Глава 6

– Где ж ты научилась так играть? – едва шепчет Эмерик.

– Я самоучка. – Я оглядываюсь. Он стоит в паре дюймов, грудь его тяжело вздымается.

– Как?

Я указываю на ряды книг по музыке вдоль стен.

– Много читала. Много училась. Очень много практиковалась.

Он осеняет себя знаком Бога Памяти: проводит указательным и средним пальцем правой руки от левого виска к правому.

– Никогда не слышал ничего подобного.

– Могу то же самое сказать о тебе. – Я отрываю от него взгляд и собираю ноты. – Но тебе нужно разобраться с техникой дыхания и еще с кое-чем. Нижний диапазон нужно бы немного усилить, но это придет с практикой.

Я направляюсь к книжным полкам, чтобы вернуть ноты на место, затем просматриваю книги по технике в поисках гамм и упражнений по арпеджио. Эмерик идет следом, вместе со мной читает заголовки, но руки на этот раз уважительно держит в карманах подальше от моих вещей.

– Во-первых! – Я вытаскиваю одну книгу и листаю ее. – Тебе нужно следить за тем, чтобы дышать диафрагмой. Я буквально слышу, как у тебя плечи поднимаются на вдохе. У тебя выйдет гораздо более полный и мощный звук, если наполнять воздухом живот и выталкивать его мышцами пресса.

Я все болтаю: велю ему класть при пении ладони на живот, чтобы чувствовать, как он надувается с каждым вдохом, описываю дыхательные упражнения на укрепление мышц.

– Ты все это носишь? – перебивает Эмерик, я резко оборачиваюсь и вижу, что он совсем забросил учебники и глазеет на ряд масок на полке.

– Ты хоть слово слышал из того, что я рассказываю? – раздраженно спрашиваю я.

– Конечно. Дыхание и все такое. Ты все эти маски носишь? – Он указывает на одну и улыбается мне этой своей дурацкой улыбочкой. Замечает мой сердитый взгляд и поднимает руки: – Не злись! Я ничего не трогаю.

Тяжело вздохнув, я захлопываю книгу, которую просматривала, беру ее под мышку вместе с другими отобранными томами и подхожу к нему.

– Многие я носила раньше. Они больше не по размеру. – Я касаюсь места, где та маска, которая на мне сейчас, обхватывает подбородок. – Эту сделали на заказ.

– А украшения тоже на заказ? Стразы и эти крылышки? – Он веером растопыривает пальцы около глаз и машет ими.

Пряча улыбку, я качаю головой.

– Нет, стразы и… «крылышки» я сама пришила. Кстати, они называются «перья».

– Перья. – Он улыбается так широко, что ямочки делят щеки напополам. – Посмотри-ка, уже поучаешь меня!

– Ты уже нашпионился? Можем вернуться к уроку?

– Уже нашпионился, да. – Он замолкает, привлеченный чем-то еще за моей спиной. – Ой, подожди! Я соврал. Что это там?

Я иду вслед за ним к полке, где расставлено множество вещиц, которые я за годы собрала в театре. Большая их часть – всякие мелочи, случайно забытые зрителями, которые я находила после представлений: часы, зажигалки, шелковая перчатка, сережка, блокнот, вышитый кружевной платок. Крупицы внешнего мира, которые можно подержать в руках.

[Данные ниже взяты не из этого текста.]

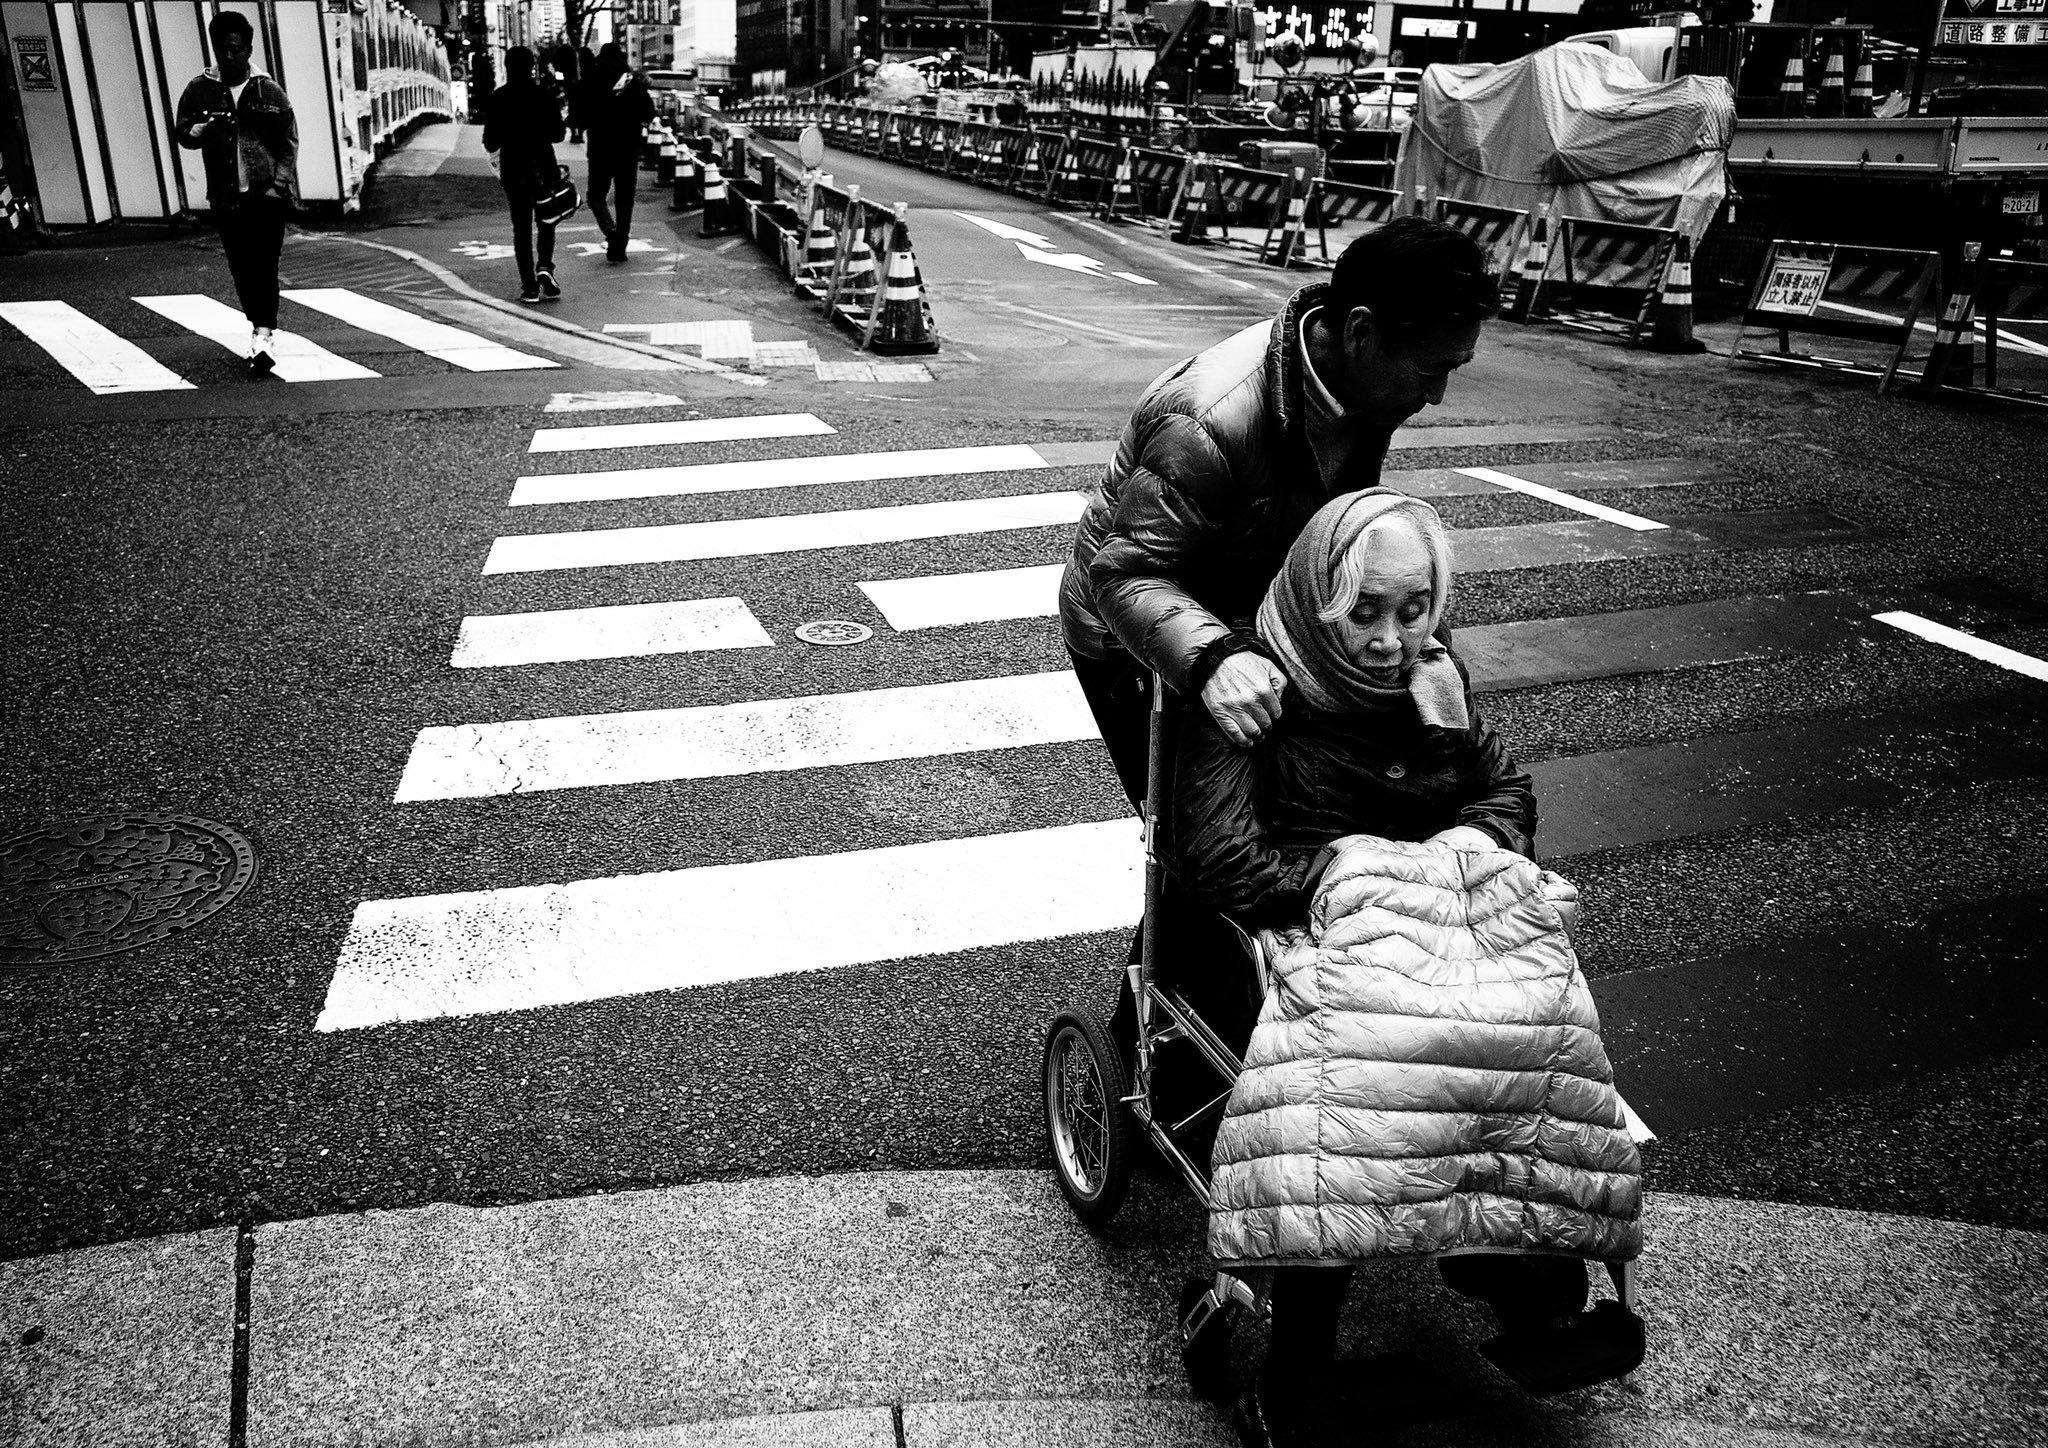 black_and_white_street_photography_11.jpg

Эмерик все это разглядывает, а у меня с каждой секундой все жарче и жарче горят щеки. Он решит, что я дурочка: коплю тут всякий хлам, как будто это драгоценности. Я замечаю, что вытащила кулон из-под платья и стискиваю его грани, чтобы успокоиться, и заставляю себя дышать ровно.

Он разглядывает старый ловец памяти – маленькую плетеную подвеску, которую суеверный люд носит на шее, надеясь вспомнить забытое после потери эликсира памяти. Ловец рваный, не особо красивый или дорогой – на полке есть и подороже, – но Эмерик с теплом рассматривает его. Защитный символ Бога Памяти, простой круг внутри ромба, тщательно выплетен в центре.

– У моей мамы тоже был похожий ловец памяти, – тихо говорит он. – Только ее был голубой. Она то и дело его целовала. По несколько раз на день. Помню, как-то в детстве спросил ее, зачем, и она сказала, что целует его всякий раз, когда желает сохранить в памяти момент, который не хочет забыть.

Я не знаю, что ответить. Ловцы памяти – милые безделушки, но они бесполезны. У памяти ограниченный запас эликсира, человек рождается с эликсиром на семнадцать лет. Когда люди достигают семнадцати, их тело начинает использовать заново эликсир, потраченный на самые ранние воспоминания, чтобы создавать новые. Но если в тяжелые времена человек решит продать свой эликсир, емкость памяти уменьшается.

Единственный способ никогда ничего не забыть – купить достаточно эликсира, чтобы хватило на всю жизнь. Переборщить невозможно: когда человек поглощает достаточно эликсира, чтобы все запоминать, добавочные порции помогают четче обрисовать детали, уберечь ощущения от выцветания с ходом времени. Самые гениальные умы принадлежат богачам – людям, которые могут позволить себе миллионы порций.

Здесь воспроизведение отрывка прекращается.